I have three questions for you. They all can be asked in reverse. So, that's six questions. All six are getting at the same thing. 1) What is the nature of your pain? 2) What is the source of your life? 3) What is the source of your pain? 4) What is the nature of your life? 5) What does your pain have to do with your life? 6) What does your life have to do with your pain? Those six questions are at the heart of Alcohol Anonymous. And at the heart of what we are seeking. We are seeking the end of pain and the beginning of life. We want to be alive and pain-free. My favorite Joseph Campbell quote is one you will hear from me again: "That which you seek lies far back in the darkest corner of the cave you most don't want to enter." Pain is the price of being alive. My life is my pain. I live to ease my pain. My pain requires me to be alive in the time and place of my living. I can't live without facing/feeling my pain. I can't face/feel my pain without coming to life/being alive. My pain necessitates my life/living. My life/living requires me to face/feel my pain.

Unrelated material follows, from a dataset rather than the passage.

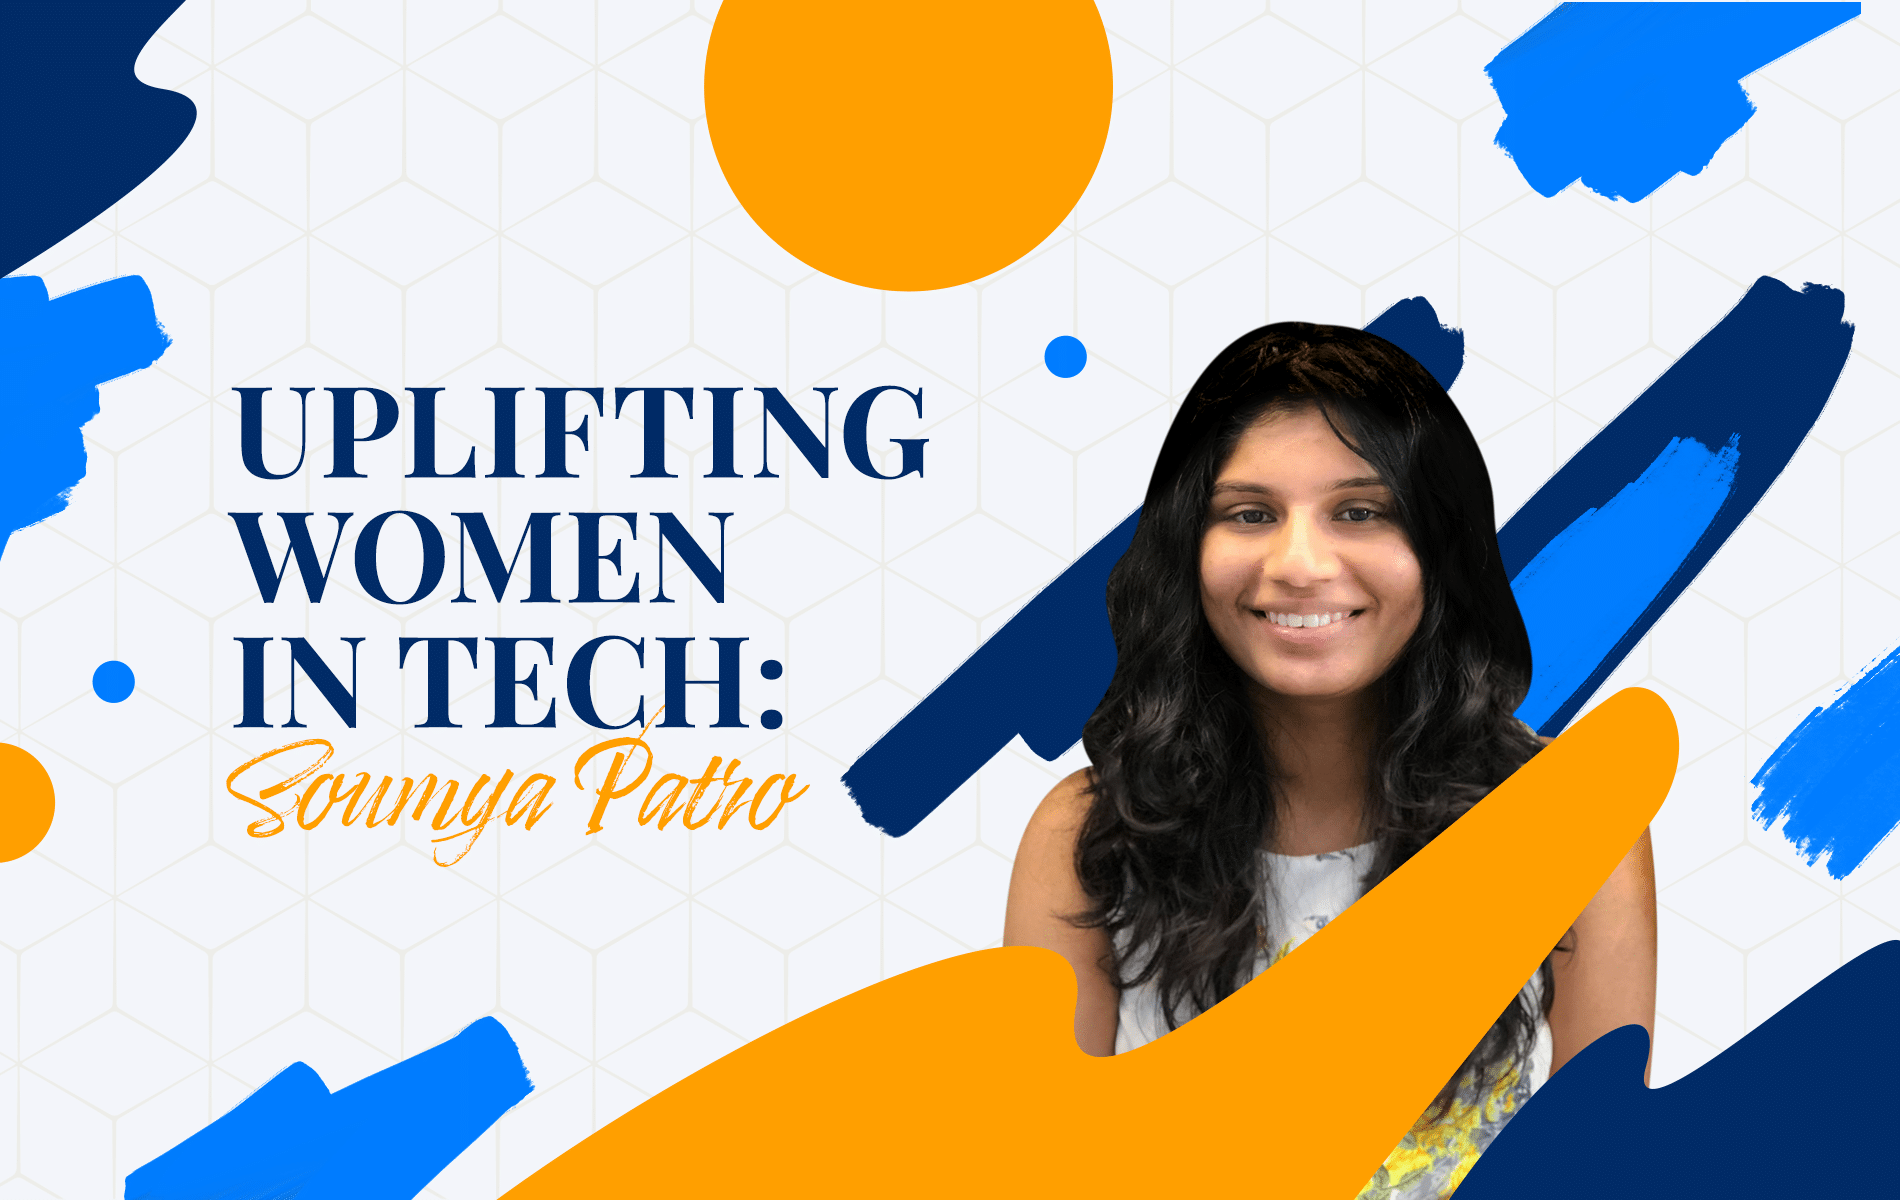 Uplifting Women in Tech: Soumya Patro

I have to live my pain. I have to live the fear of my pain. I have to dance with my pain in order to dance with my life. The source of my pain is I want/need to be loved. The nature of my life is I Love Me! The Marianne Moore quote comes into play here: "The cure for loneliness is solitude." We are what we seek. We are the cave we most don't want to enter. We are the answer to all our prayers. We have what we need to find what we need to do what needs us to do it in each situation as it arises all our life long. We only have to trust that it is so sit still, wait, be quiet, look and listen. Where do you go to be still, to sit quietly, to look and listen? How long has it been since you've gone there, done that? Why has it been so long? Are you afraid there is nothing there? Do you hate your own company? Be done with alcohol and marijuana. And/or their equivalents. Stand alone in your company. What is so hard about your life? What is the source of your life? What is the nature of your pain?
June 28, 2020

Being true to ourselves requires us to determine-- to decide-- when and where to move beyond the self we have been being into the self we must become. Growing up is so very hard to do. And transition points are hell all the way to the grave. Who are we? Who must we be? Who is the situation asking us to become? Those are questions fit for a hero. And so it is called "The Hero's Journey." We have to recognize what the moment is requiring of us-- see what needs to be done, what needs us to do it, and decide what we are going to do about it, here and now. We grow up against our will all the way. But. Is this me or not me here and now? Is this the time, or not the time, here and now? We can always do what is not me. Why Here? Why Now? We can always do what is me. Why not Here? Why not Now? These are the choices hero's have to make, time and time again. Stop. Look. Listen. See. Hear. Wait. Watch. Stay out of the way. Something will happen. Something will shift. Some door will open. You will find yourself walking through To a future with your name on it. Let it be. Because it is. No looking back.